A phase I trial on PV-10 demonstrated an ORR of 48% for injected lesions as well as a 27% ORR for injected bystander lesions; however, this study only assessed 11 patients [43]. There was a dose-dependent effect of PV-10 seen in this study with lower response rates seen in lesions that received less than 0.2 mL/cc per lesion compared to 0.5 mL/cc per lesion. Another phase I study utilized a single dose of PV-10 and again demonstrated comparable results with an OR of 40% including a 20% response in injected lesions and 15% response in bystander lesions [46]. A follow-up phase II trial was conducted on 80 patients that demonstrated equally promising results [46]. In this study, up to 20 lesions were injected with repeat injections at 8, 12, and 16 weeks if needed. Most patients responded after the initial injection. An ORR of 51% was seen, including a 26% CR. Uninjected lesions demonstrated a 33% ORR (26% CR, 7% PR). Adverse effects were most commonly related to injection site pain, erythema, swelling, and photosensitivity.
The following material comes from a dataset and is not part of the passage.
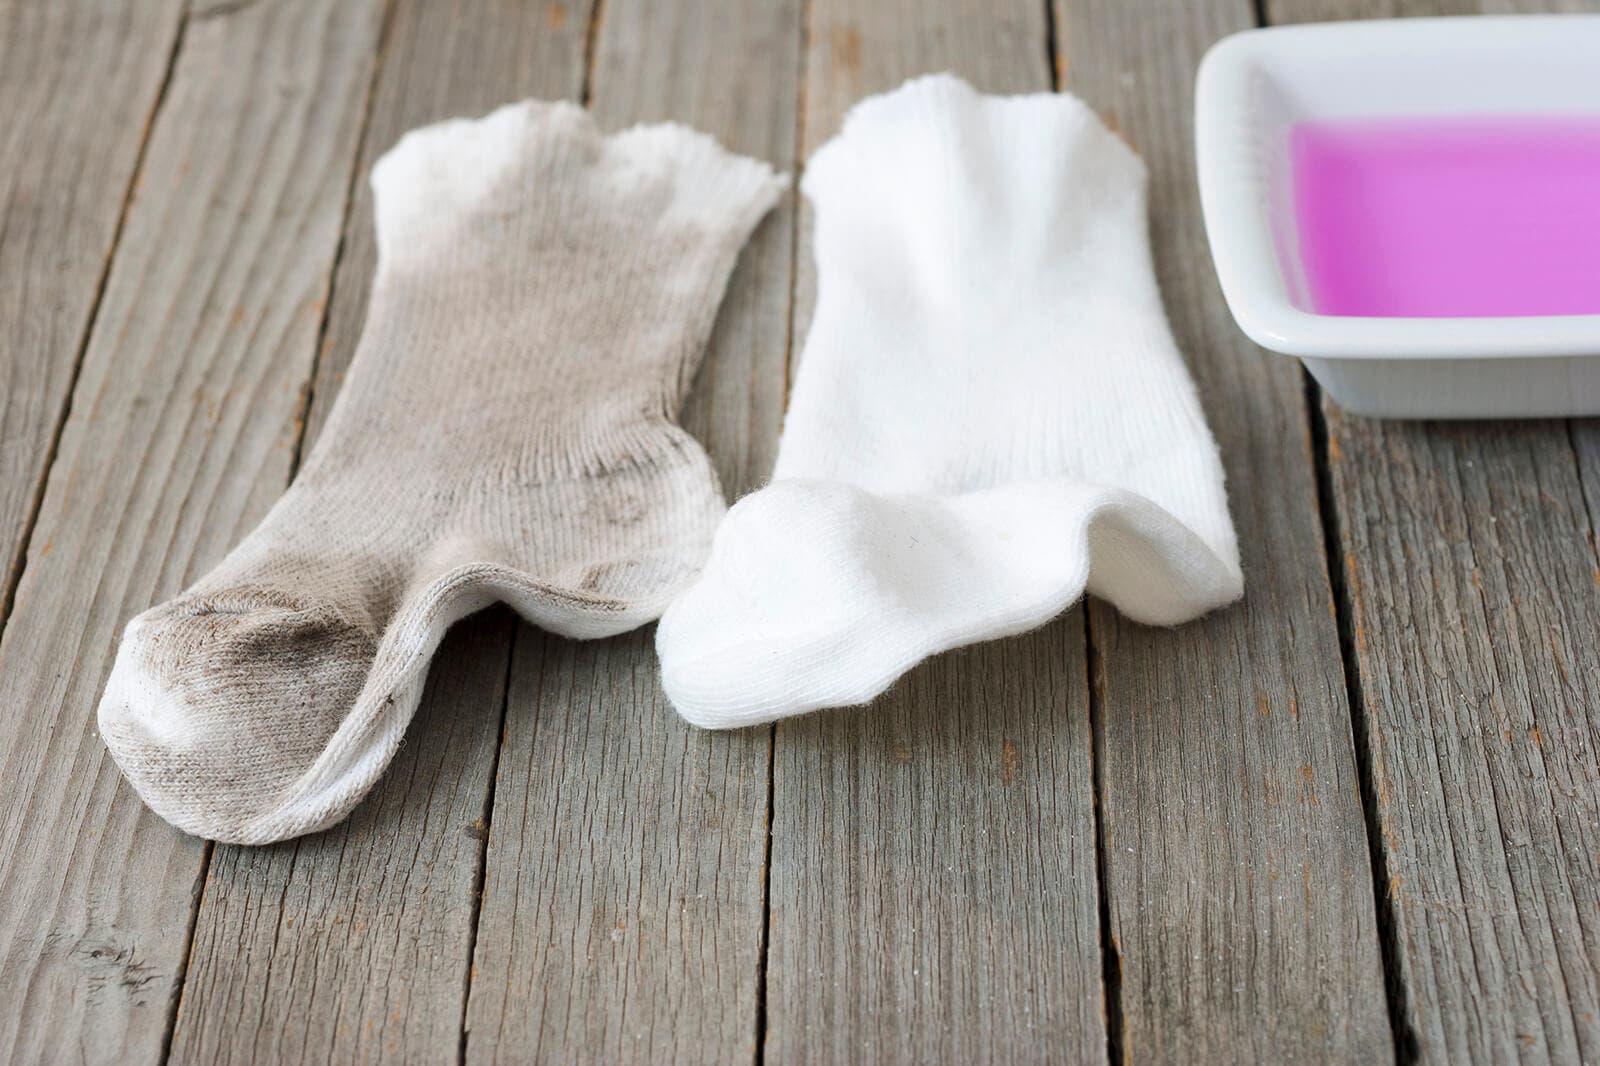 Comparación de calcetines sucios y calcetines limpios

Intra-arterial and intralesional therapies have been effectively utilized in the treatment of locoregionally advanced melanoma; however, the optimal use of locoregional therapies in the setting of targeted therapy and systemic checkpoint blockade has not been well established. Intralesional treatments, such as T-VEC, are oncolytic therapies that typically induce an elevated immune response [34, 37]. Therefore, the combination of locoregional therapies with targeted or systemic immunotherapies could potentially demonstrate a synergistic effect [47]. There are currently multiple clinical trials that are ongoing and others that have shown early promise in a multi-modality approach for locoregionally advanced and metastatic disease [48].

Ipilimumab in combination with T-VEC has been evaluated in a phase II clinical trial and has demonstrated an ORR of 50% (compared to up to 11.9% for ipilimumab alone [49] and 26% for T-VEC alone [42]) and a 22% CR with durability beyond 1 year [50]. T-VEC in combination with pembrolizumab is currently being evaluated in a phase I/III clinical trial and early data from the trial has demonstrated an ORR of 57% (compared to approximately 34% for pembrolizumab alone [49] and 26% for T-VEC alone [42]) with a CR of 24% [51]. A multi-center, international phase Ib/II study is currently underway to assess the safety and efficacy of PV-10 plus pembrolizumab for the treatment of metastatic melanoma (NCT02557321). Additionally, a multi-center, international phase III study is currently comparing PV-10 vs chemotherapy vs T-VEC to assess progression-free survival, CR rate, duration of CR and OS in patients with stage IIIB, IIIC and IV M1a melanoma (NCT02288897). Further studies will elucidate the role of combination therapy, including a staged approach using upfront locoregional therapies to prime the immune system prior to systemic immunotherapy. The rapidly changing landscape of immunotherapy-based melanoma treatment will likely be enhanced by this multimodality approach.

Conclusion

Melanoma presents as locoregionally advanced unresectable disease in up to 10% of patients and is a particularly challenging spectrum of disease to manage; however, there are still numerous options that can be used as monotherapy or potentially in combination. These options include intra-arterial therapies, such as ILI and PHP, and intralesional treatments, such as BCG, TVEC and PV-10. These locoregional therapies are typically well tolerated, easily delivered and have shown significant promise in the treatment of locoregionally advanced melanoma.